Yaccarino’s ascension to CEO in June signaled Musk’s commitment to winning back advertisers; her track record as an NBCU ad executive, along with the cheery persona she projected on X, seemed to foretell a brighter future for the company. But as Musk has continued to make off-hand announcements about the company’s roadmap, at times seemingly taking Yaccarino by surprise, outsiders have widely wondered about the true extent of Yaccarino’s authority and influence within the company.
In an interview last month, Yaccarino stressed that she does have autonomy from Musk as CEO. “Elon works on the technology and dreams up what’s next,” she said. “I bring it to market.”
Musk’s erratic behavior
Through it all, Musk has become the platform’s most consistent main character, weighing in on the largest issues of the day whether he is informed about them or not. When Paul Pelosi was brutally attacked in his own home, Musk baselessly amplified fringe conspiracy theories about the assault. He recommended that X users monitor the Israel-Hamas conflict by following an account known for spreading disinformation, before later deleting his post. He has obliquely defended “Dilbert” creator Scott Adams over racist comments and has condemned the financier George Soros, a frequent target of antisemitic conspiracy theories.
Musk appears to harbor an obsession with his own popularity on the platform, reportedly pressuring engineers to boost his own posts in users’ feeds after complaining his posts got fewer views than President Joe Biden’s during the Super Bowl.
In other contexts, Musk has leveraged his ownership of Twitter to promote politicians he personally favors, such as by helping to launch Florida Republican Gov. Ron DeSantis’ presidential campaign by way of a live Spaces event plagued by technical glitches. A week after that event, Musk held another Spaces event to promote Robert F. Kennedy, Jr., the vaccine skeptic and another presidential hopeful, and he promoted an interview between former Fox host Tucker Carlson and another republican contender, Vivek Ramaswamy. He has also hosted Benjamin Netanyahu, the conservative Israeli prime minister for a live discussion on X. Musk has said he’s willing to host candidates from across the ideological spectrum, but so far few if any politicians whom Musk disagrees with have been promoted in similar events.
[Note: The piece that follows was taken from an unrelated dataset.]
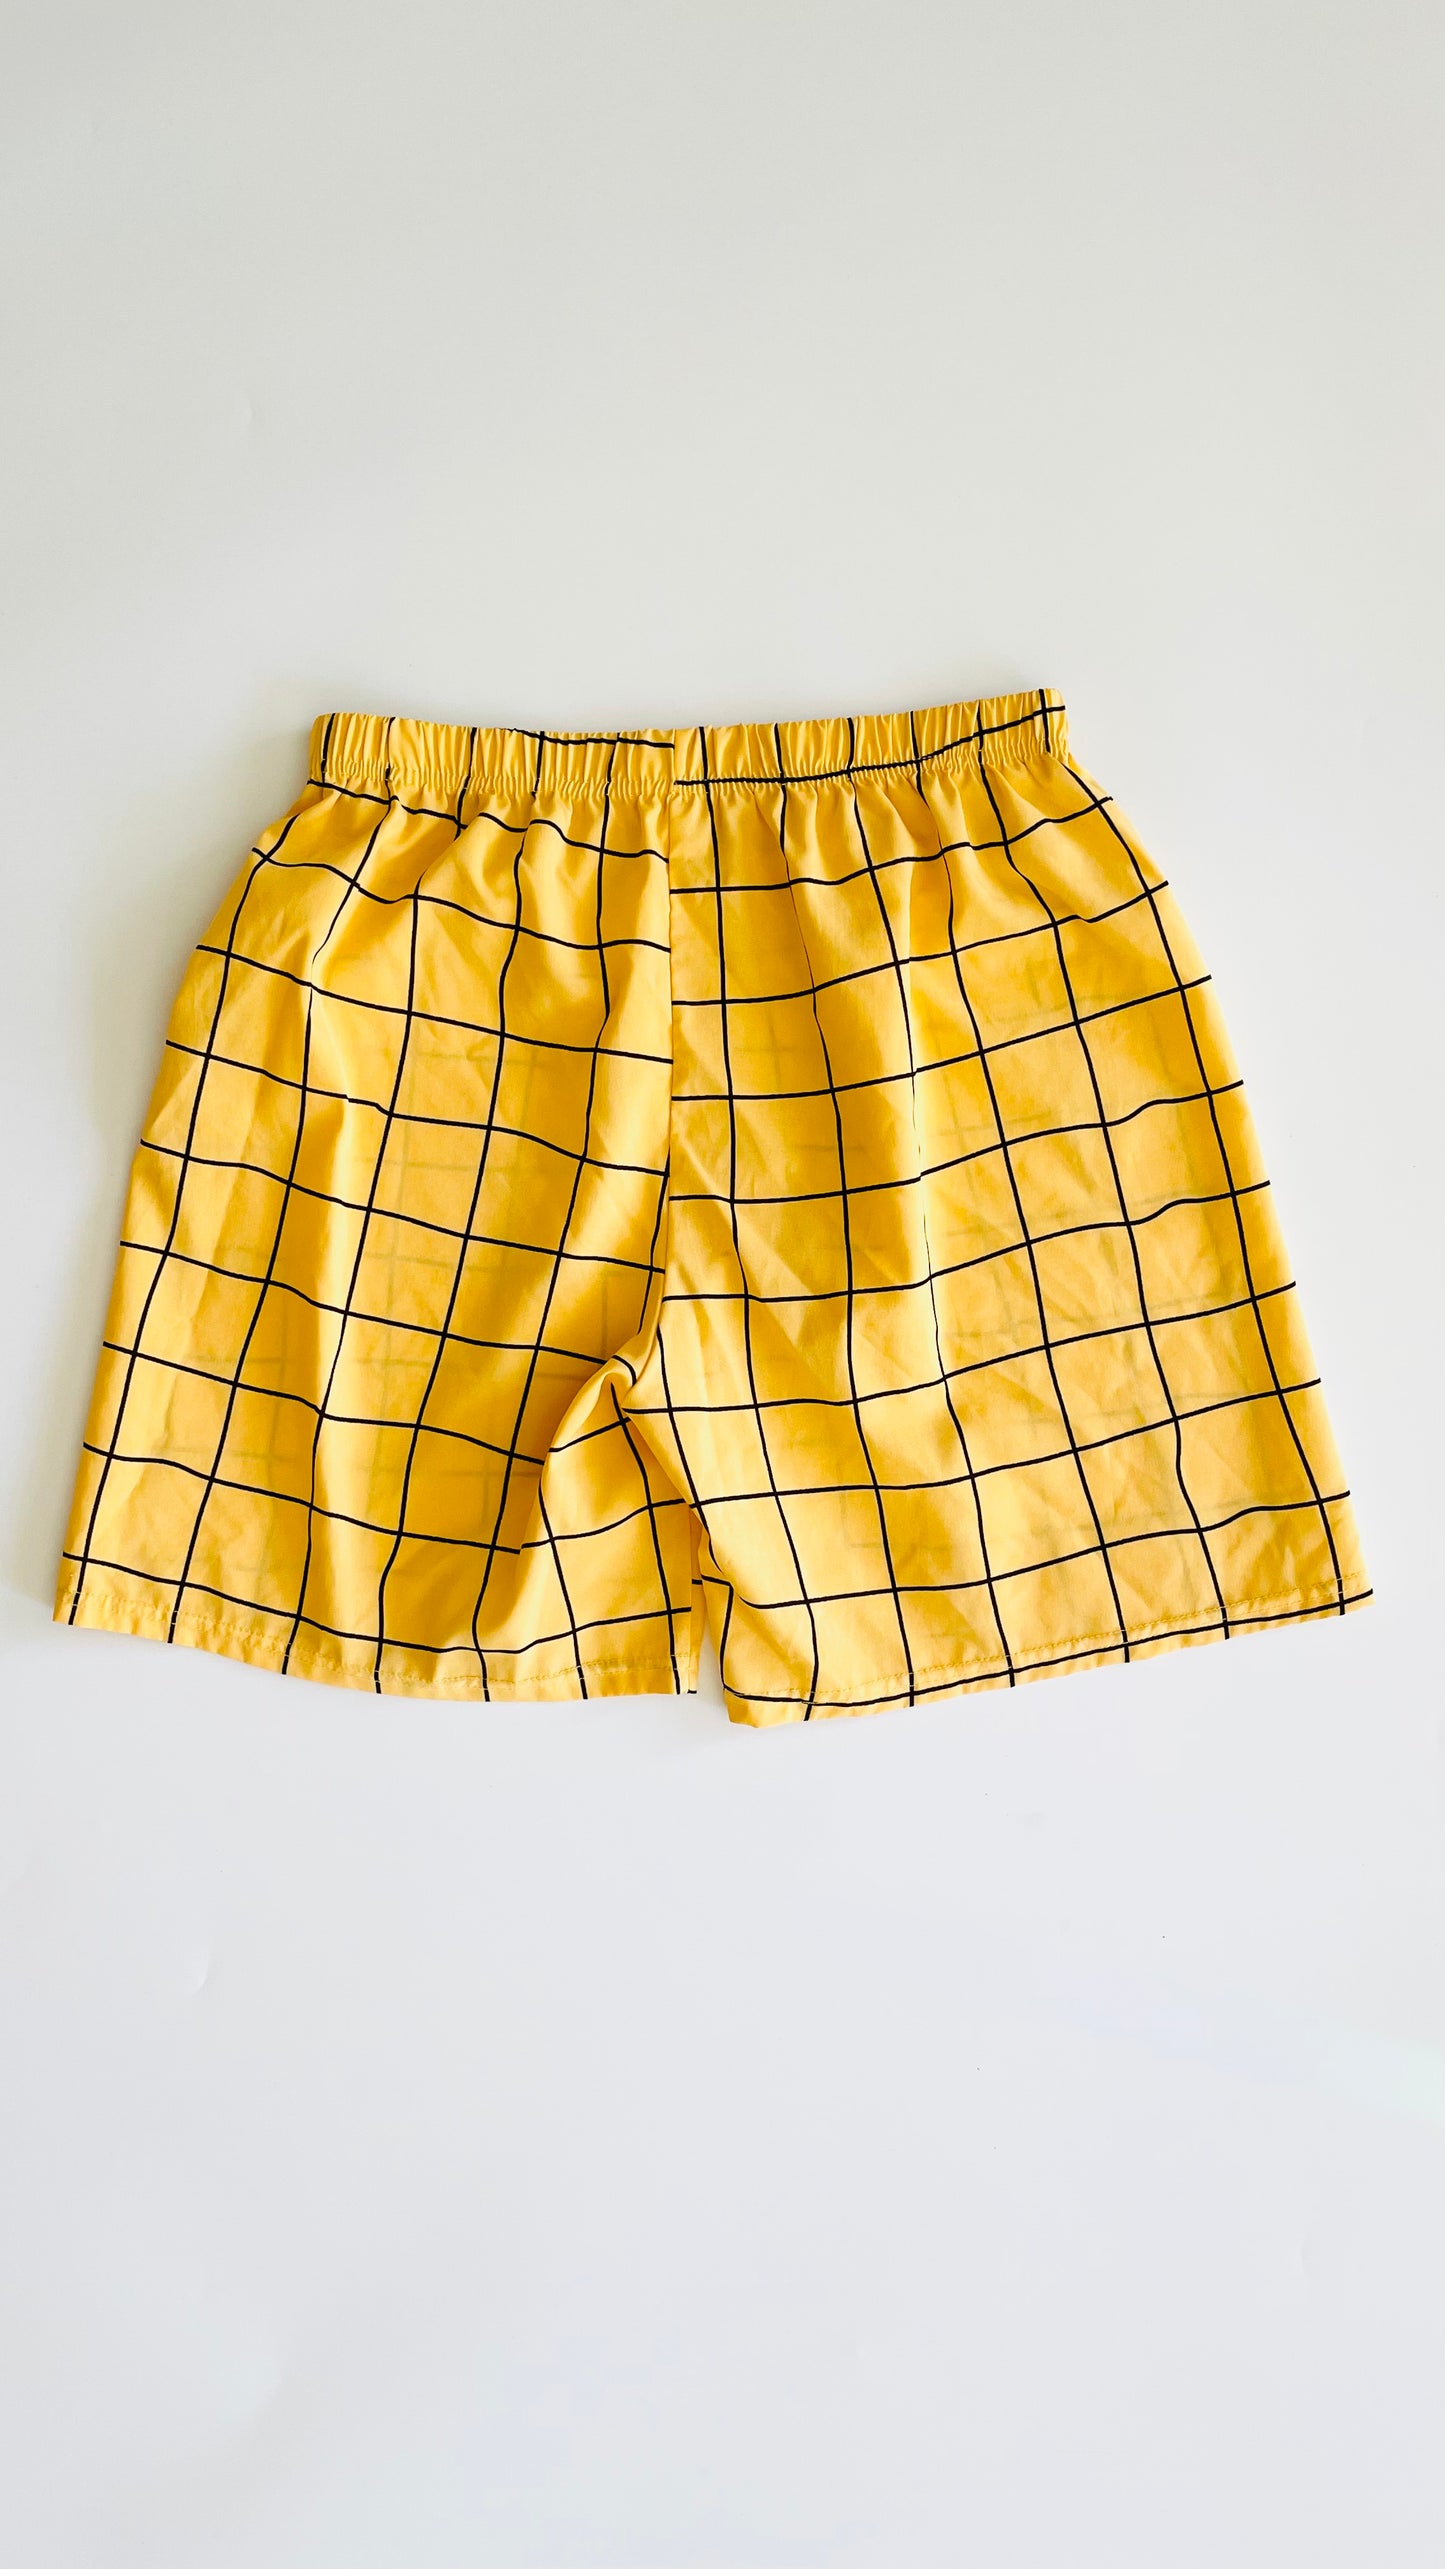 Pre-Loved yellow and black geometric plaid shorts - Size S

And, in an attempt to prove that former Twitter executives deliberately discriminated against conservatives on the platform, Musk provided a handpicked group of journalists with selective access to company records. The resulting reports, known as The Twitter Files, purported to reveal a nefarious campaign of suppression. However, the internal communications actually corroborated existing accounts of how Twitter struggled to handle a 2020 New York Post article involving Hunter Biden and his laptop. Musk’s own lawyers later would go on to dispute the insinuations and allegations in The Twitter Files as they tried to prevent Trump from pursuing a case against the company in court.
Musk has also used the platform to promote his other companies and to hit back at his detractors — everyone from former employees to various regulatory bodies scrutinizing his ownership of the platform.
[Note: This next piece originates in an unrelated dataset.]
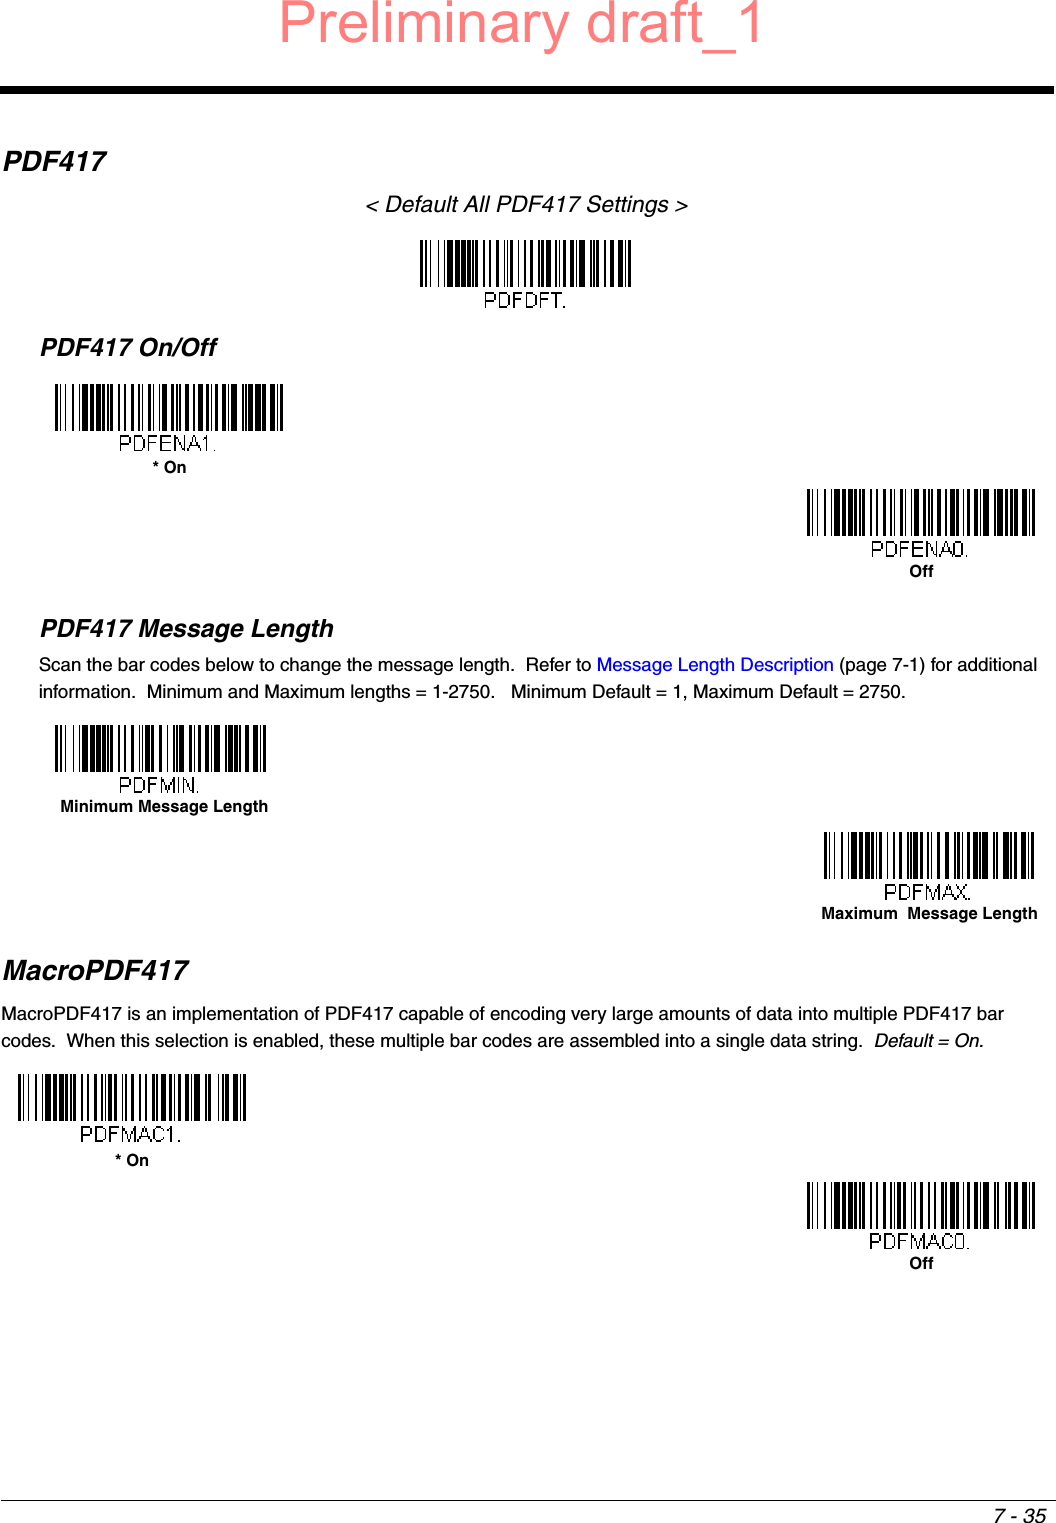 7 - 35PDF417&lt; Default All PDF417 Settings &gt;PDF417 On/OffPDF417 Message LengthScan the bar codes below to change the message length.  Refer to Message Length Description (page 7-1) for additional information.  Minimum and Maximum lengths = 1-2750.   Minimum Default = 1, Maximum Default = 2750.MacroPDF417MacroPDF417 is an implementation of PDF417 capable of encoding very large amounts of data into multiple PDF417 bar codes.  When this selection is enabled, these multiple bar codes are assembled into a single data string.  Default = On. * OnOff Minimum Message LengthMaximum  Message Length* OnOffPreliminary draft_1

It is perhaps Musk’s all-consuming presence that has most undermined what users used to love about Twitter. The platform was once a place to hear from lots of different kinds of voices; where any given user might be leading the day’s “discourse” with the newsiest, most entertaining or controversial bit of content; where there was indeed sometimes toxicity, but it was generally overpowered by useful, up-to-the-minute news and commentary. Now, it’s the Musk show, and users increasingly seem inclined to tune out.